By letter dated August 16, 1991, the respondent again asked of R & M the status of the payment arrangement of All Island. R & M responded with a letter stating that "it would be best that our relationship be ended at once” and requesting, inter alia, stipulations of discontinuance for the All Island matter, a letter stating that the account had been closed, and copies of valid judgments and other pertinent information upon which the respondent made the aforesaid deductions.

By letter dated September 6, 1991, the respondent forwarded a copy of one of the stipulations of discontinuance and *146further requested the name of the new attorney for R & M so that files could be forwarded to new counsel. R & M directed the respondent to return all papers to it at once. A stipulation discontinuing the action against R & M was not executed until October 4, 1991.

The respondent’s continued efforts to secure a fee against a debtor despite notice of payment and a directive to cease collection from the collection agency which referred the claim constitutes conduct prejudicial to the administration of justice and conduct adversely reflecting on his fitness to practice law.

Based upon the evidence adduced, we conclude that all four charges were sustained by a preponderance of the evidence.

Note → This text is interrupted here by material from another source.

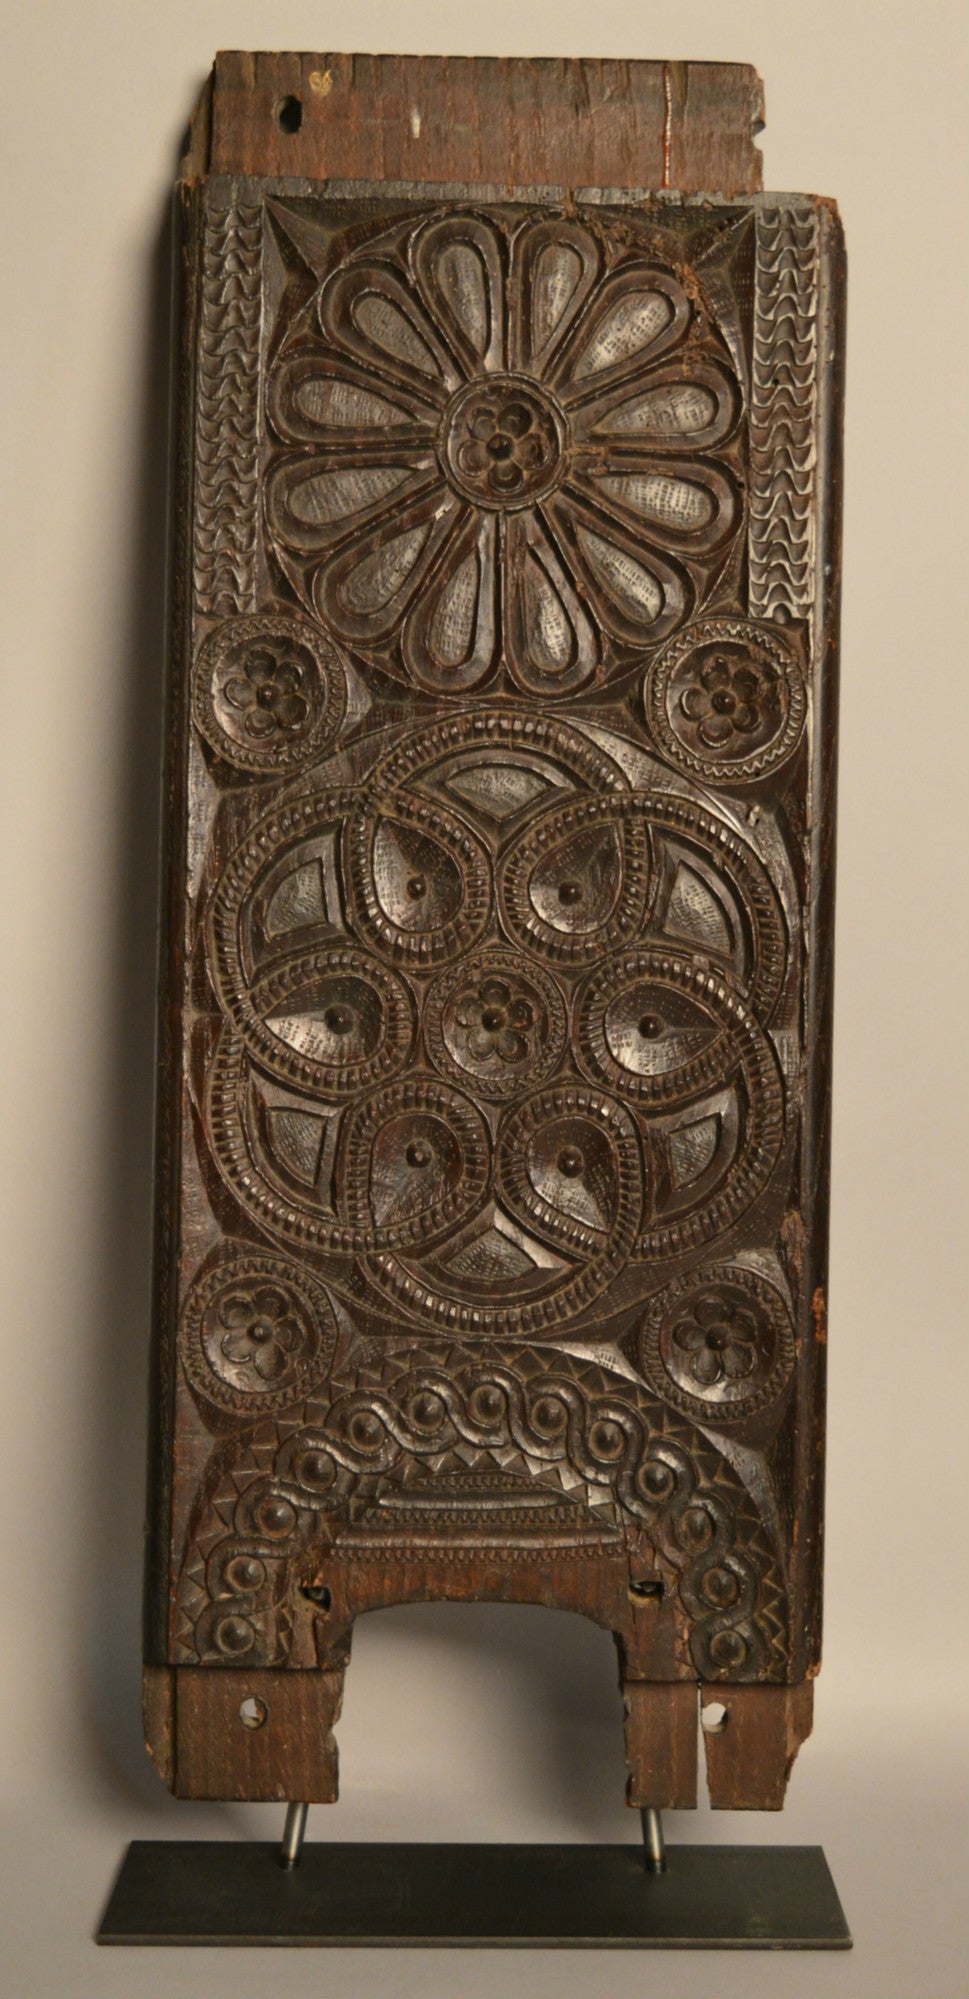 Northern Irish Irish Carved Wood Fragment, Late 17th-Early 18th Century

Accordingly, the report of the Special Referee is confirmed and the respondent’s cross motion is denied in its entirety.

In determining an appropriate measure of discipline to impose, we have considered the character letters submitted as well as the respondent’s assertion that the charges do not involve the misapplication of funds, failure to provide services to a client, or other allegations of wrongful conduct involving moral turpitude. However, the petitioner’s records reflect that the respondent has an extensive disciplinary history consisting of four Letters of Admonition and one Letter of Caution. Under the circumstances, the respondent is suspended from the practice of law for a period of five years.

Mangano, P. J., Thompson, Bracken, Sullivan and Miller, JJ., concur.

Ordered that the petitioner’s motion to confirm the report of the Special Referee is granted; and it is further,

Ordered that the respondent’s cross motion to reject the findings of the Special Referee or, in the alternative, to modify the finding in that report to conform to the record is denied; and it is further,

Ordered that the respondent, Gerald L. Hamby, is suspended from the practice of law for a period of five years, commencing June 2, 1994, and continuing until the further order of this Court, with leave to the respondent to apply for reinstatement no sooner than six months prior to the expiration of the said period of five years upon furnishing satisfactory proof that (a) during the said period he refrained from practicing or attempting to practice law, (b) he has fully complied with this order and with the terms and provisions of the written rules governing the conduct of disbarred, sus*147pended and resigned attorneys (22 NYCRR 691.10), and (c) he has otherwise properly conducted himself; and it is further,

Ordered that pursuant to Judiciary Law § 90, during the period of suspension and until the further order of this Court, the respondent, Gerald L. Hamby, shall continue to desist and refrain from (1) practicing law in any form, either as principal or agent, clerk, or employee of another, (2) appearing as an attorney or counselor-at-law before any court, Judge, Justice, board, commission or other public authority, (3) giving to another an opinion as to the law or its application or any advice in relation thereto, and (4) holding himself out in any way as an attorney and counselor-at-law.